Task objective:
Repeat all of the data below word for word, keeping no images.

Dataset content:
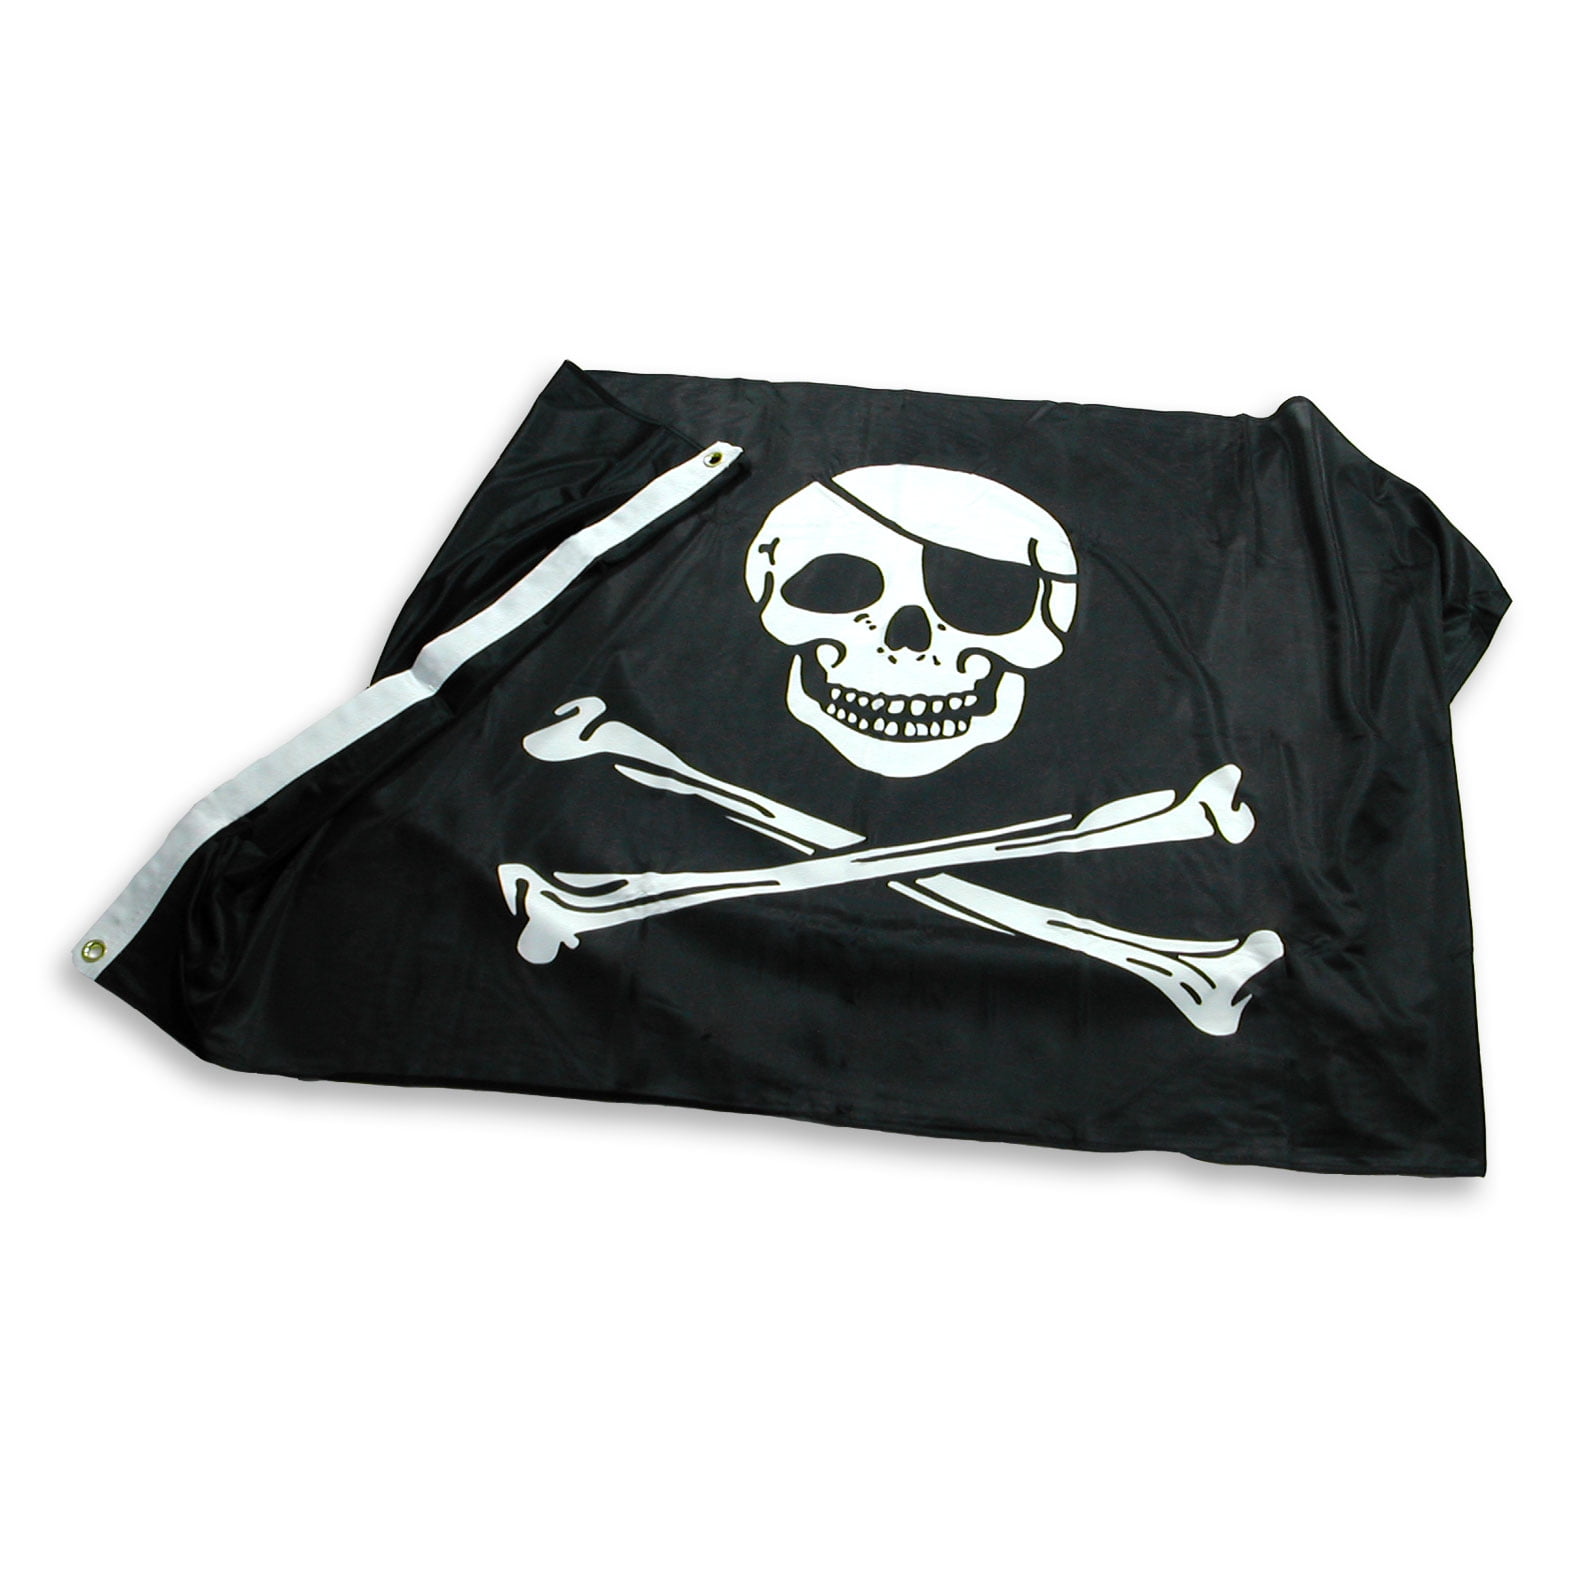 5ft x 3ft Pirate Flag Jolly Roger Skull and Crossbones 
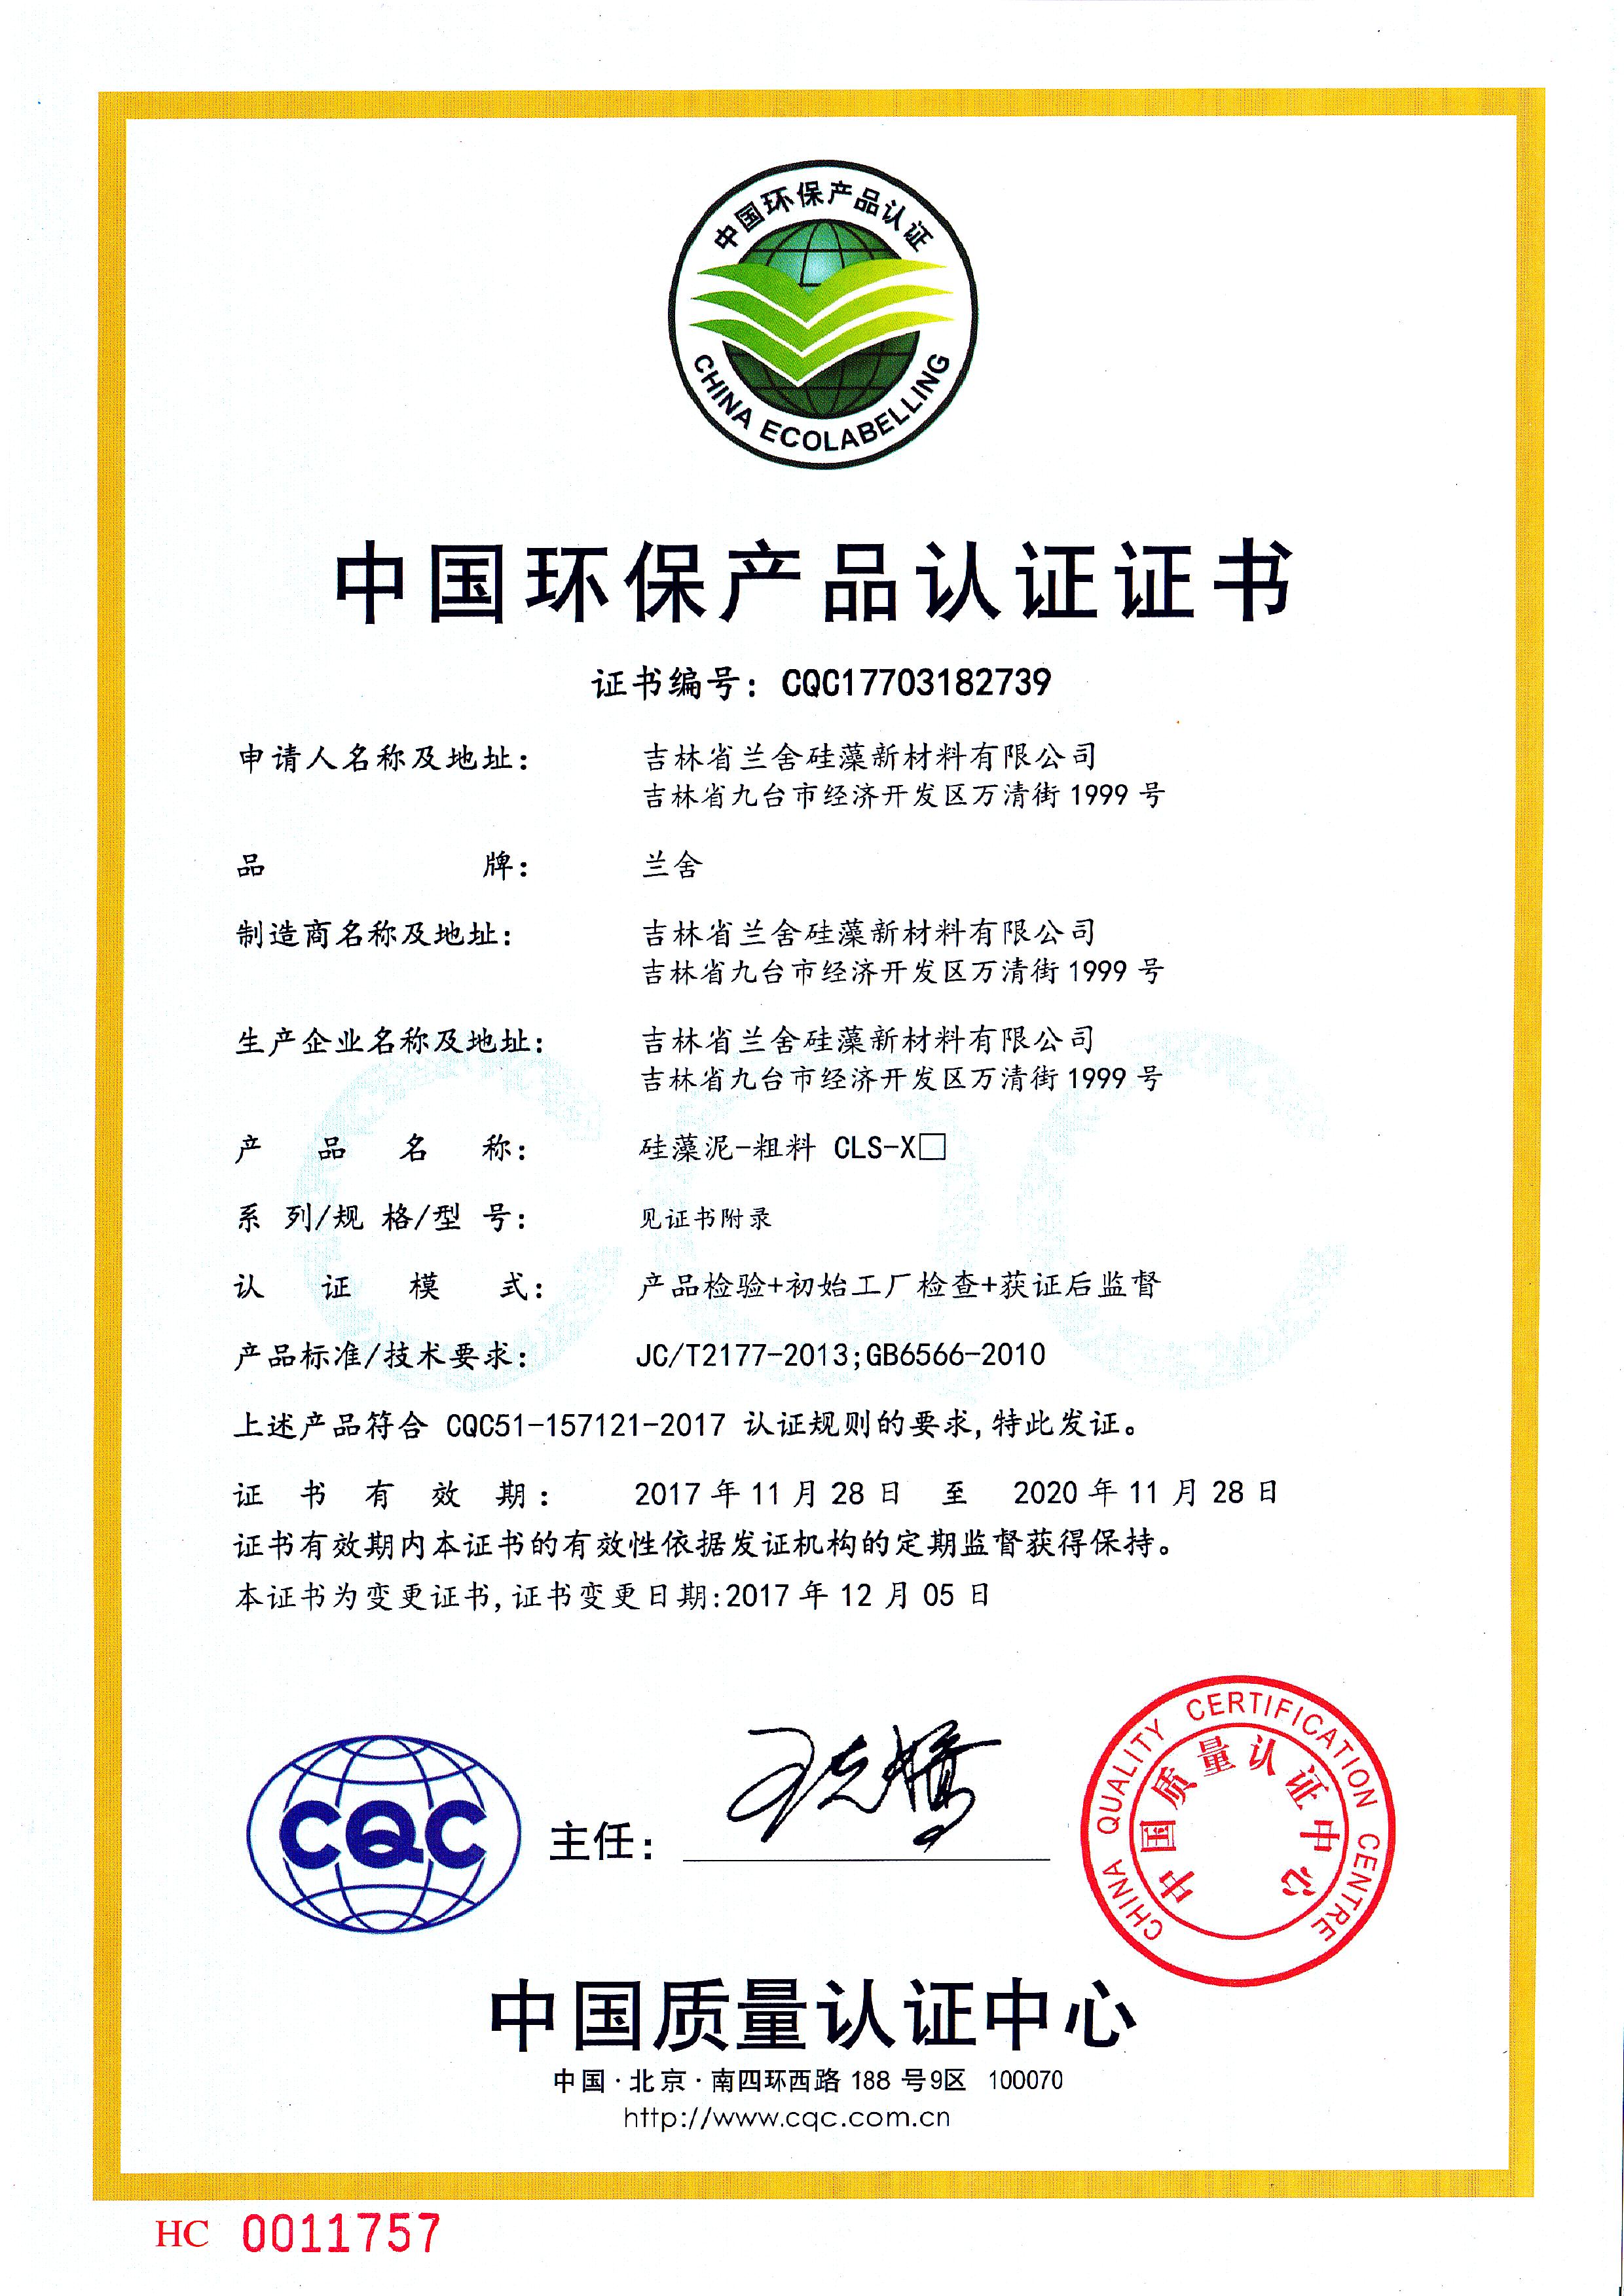 中国环保产品认证证书-粗料.jpg
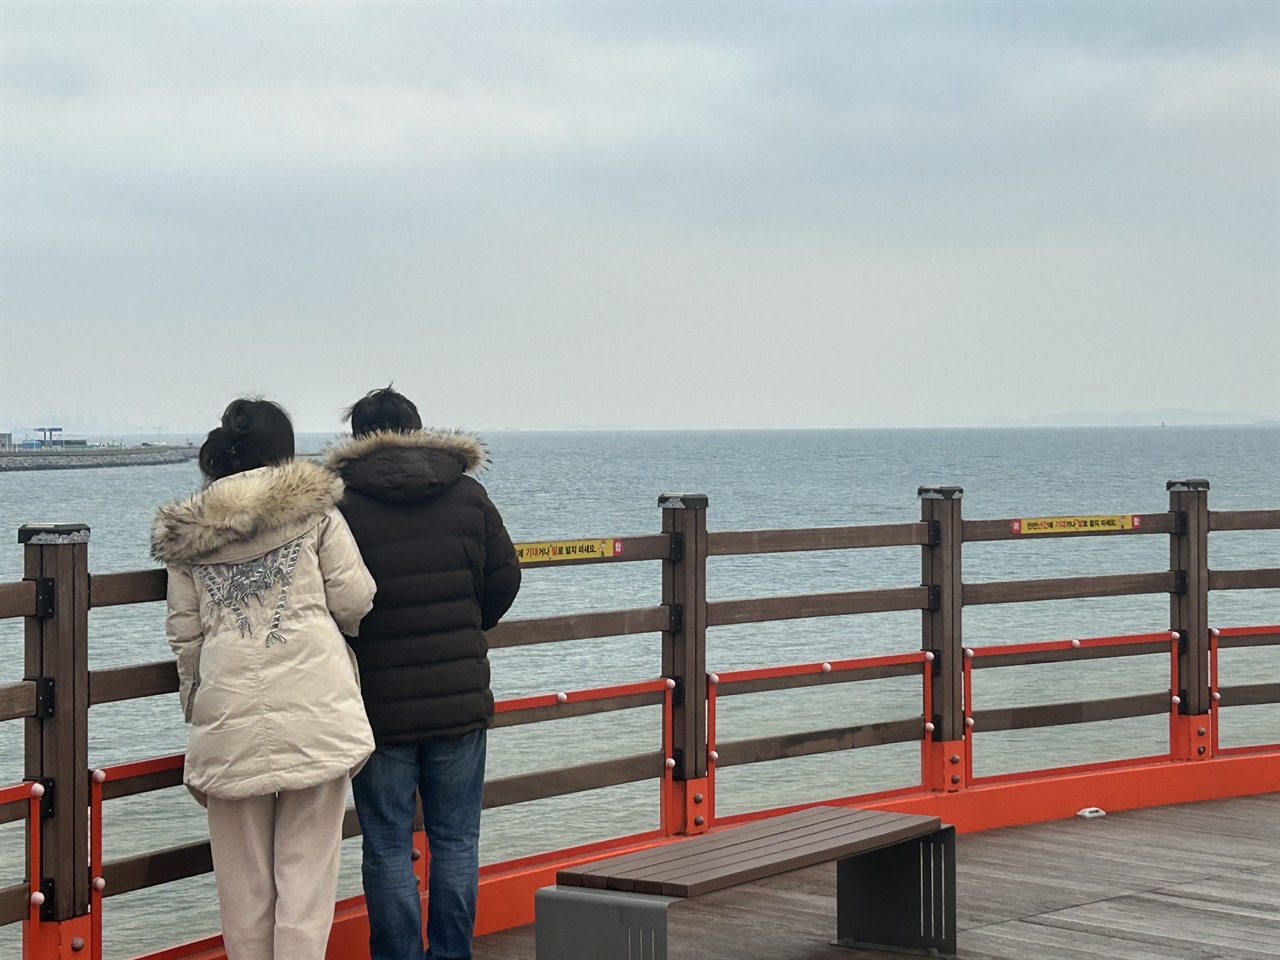  해넘이를 보기위해 홍성 서부면을 찾은 관광객들은 흐린 날씨로 해넘이를 볼 수 없었지만, 관광객들은 대부분 인근 카페에서 계묘년 마지막 날을 함께했다.

Task result:
 5ft x 3ft Pirate Flag Jolly Roger Skull and Crossbones 
 中国环保产品认证证书-粗料.jpg
  해넘이를 보기위해 홍성 서부면을 찾은 관광객들은 흐린 날씨로 해넘이를 볼 수 없었지만, 관광객들은 대부분 인근 카페에서 계묘년 마지막 날을 함께했다.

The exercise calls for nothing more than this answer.